Тихонько, боясь потревожить его, она протянула руку и отвела со лба влажную от пота прядь. И тут же ее рука попала в железную хватку: он смотрел сквозь нее невидящими глазами и сильно сжимал ее кисть. Затем, отпустив, проговорил в бреду что-то невнятное, отбросил одеяло, дернулся вставать и, обессилев, упал обратно. Она замерла и смотрела на него, не дыша и не двигаясь, чтоб не вызвать снова порывов, которые могли навредить ему.
…Тело Ареса, бога войны… В ее голове вдруг пронеслись безумные, сладострастные картины, кровь бросилась ей в лицо.
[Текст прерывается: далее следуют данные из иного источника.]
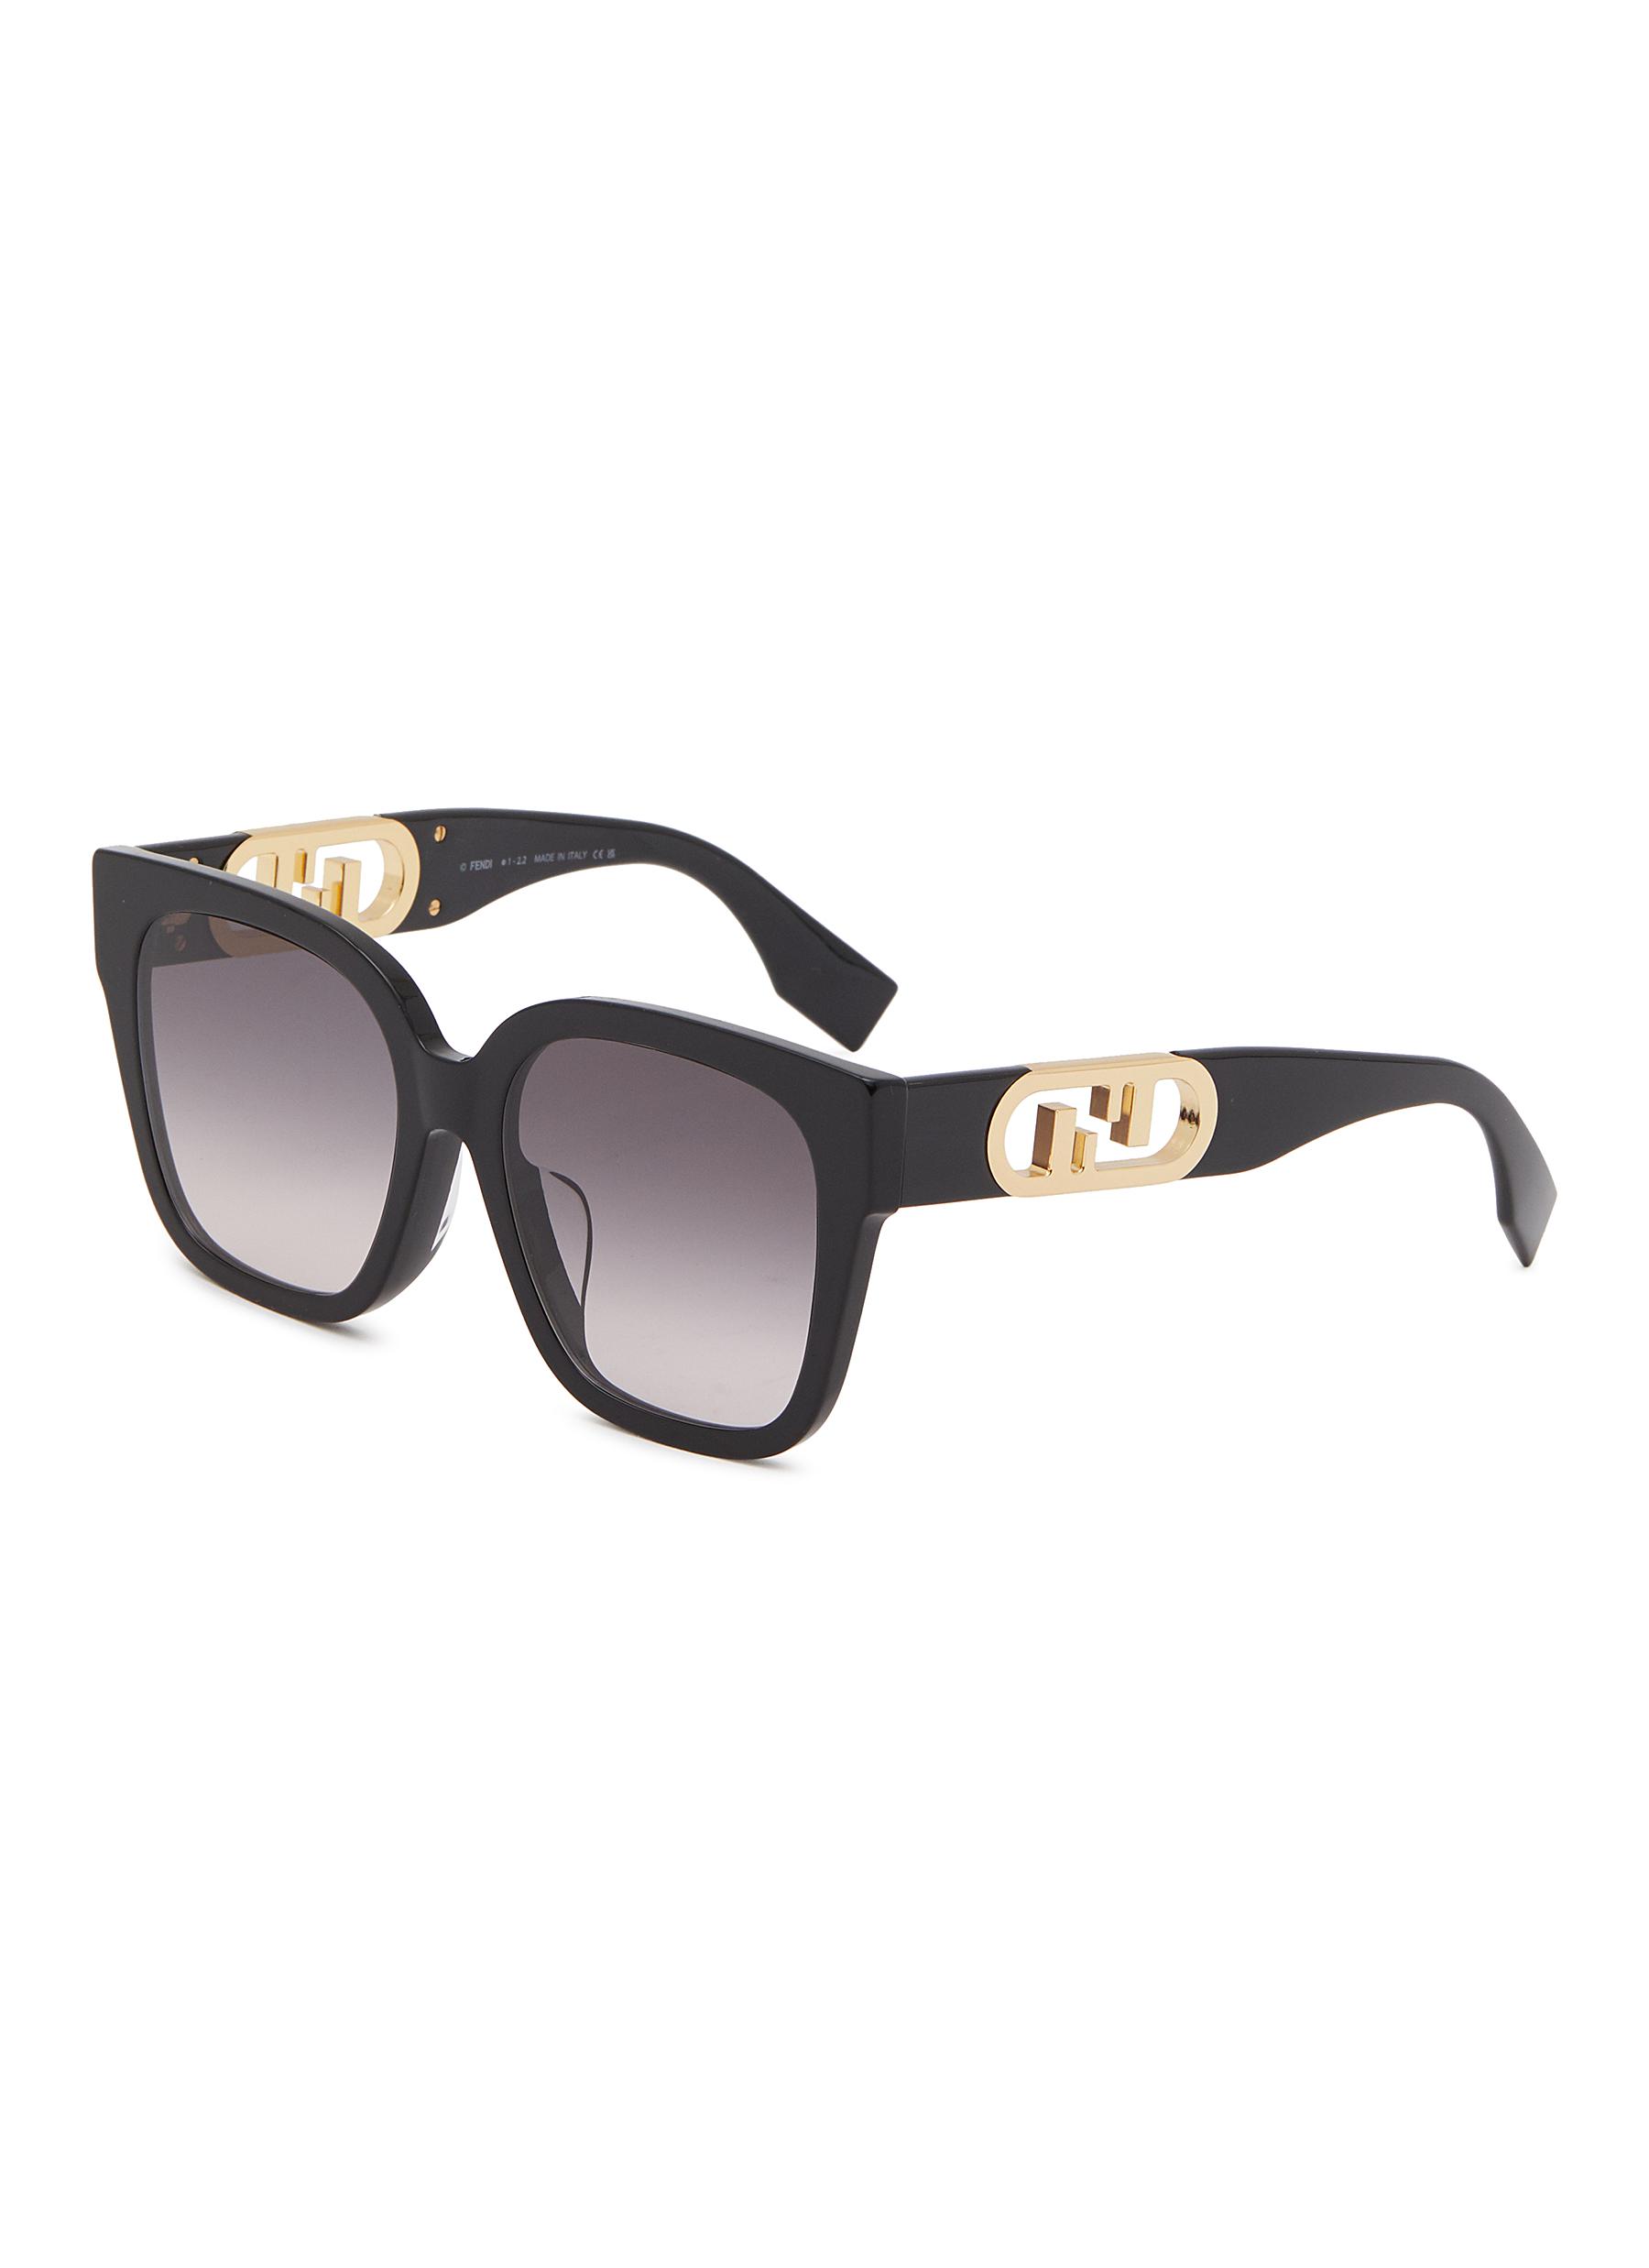 Fendi - O'Lock - Rectangular Sunglasses - White - Sunglasses

Баронесса вскочила и распахнула настежь окно, остужая разгоревшееся воображение. Ей казалось, войди кто, ему сразу станет очевидно ее постыдное состояние, которому сама она не знала названия.
В глубоком замешательстве и смятении всех чувств прошла для нее эта ночь. К утру жар, слава Богу, спал; заглянувший к больному доктор влил ему в рот опийной настойки и сказал, что теперь пациент проспит сутки, не меньше, и что опасность миновала. Узнав, что самое страшное позади, Анна Павловна наконец заплакала.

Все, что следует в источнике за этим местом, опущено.